Un sacré paquet de conneries. « C’est intéressant... » ai-je soufflé en achevant un nouveau dessin d’une femme en costume-cravate tuant un loup-garou à coup de chevrotine.

J’ai senti un éclat de rire monter, lorsque l’avocate a détaillé son credo de défense des humains contre les surnaturels. Je l’ai étouffé in-extremis derrière un sourire moqueur. C’était à crever de rire. J’ai levé les yeux un instant pour essayer de déceler un soupçon de moquerie dans son attitude ; pourtant, elle affichait un sérieux absolu et son faciès de poupée ne trahissait rien. C’est la meilleure de l’année merde, ai-je estimé en retournant à mes notes. Je n’ai rien dit, continuant de noter son petit récit bourré de nobles idéaux et d’un monceau de platitudes à vous faire vomir la bienséance par les trous de nez.
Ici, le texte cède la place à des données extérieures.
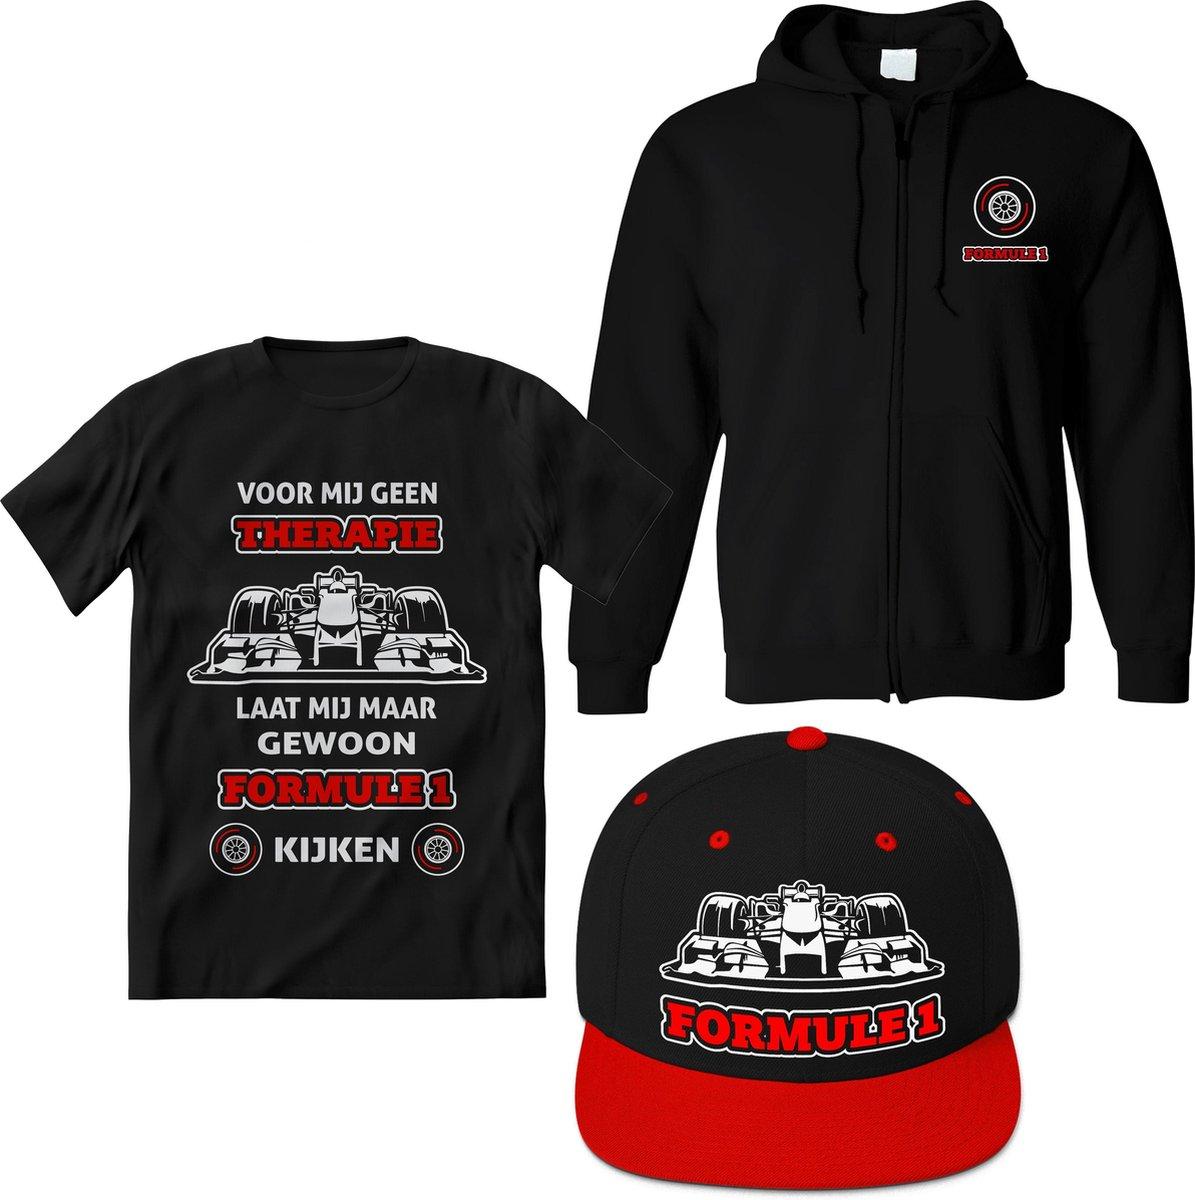 Formule 1 T-Shirt 3 in 1 set Heren / Dames – Design Race shirt Dames Rood – Perfect f1 raceauto Cadeau – Grappig Auto Racing tekst shirt - Maat M

Un monstre qui défend les humains contre les monstres. Je me suis demandée un instant si elle l’avait fait exprès, ou bien si elle était si peu au courant de sa nature que tout cela était dû au hasard. C’était en tout cas d’une ironie absolument remarquable à mes yeux ; au point de redorer un brin son image et de rendre cette interview un tant soit peu moins emmerdante que prévu. J’ai commencé à envisager l’idée d’aborder la question sous couvert d’une conversation professionnelle ; j’allais devoir marcher sur des œufs.

« Eh bien, c’est déjà une excellente introduction... » ai-je débuté en levant pensivement mon stylo, sans quitter mes notes des yeux.

L’affaire était foutrement délicate. Janowski créait chez moi des sentiments ambivalents. J’éprouvais à la fois une furieuse envie d’éclater de rire face au ridicule de la situation, et en même temps celle de lui faire faire fermer sa gueule tant son récit était d’une fadeur dégoulinante à me rendre malade.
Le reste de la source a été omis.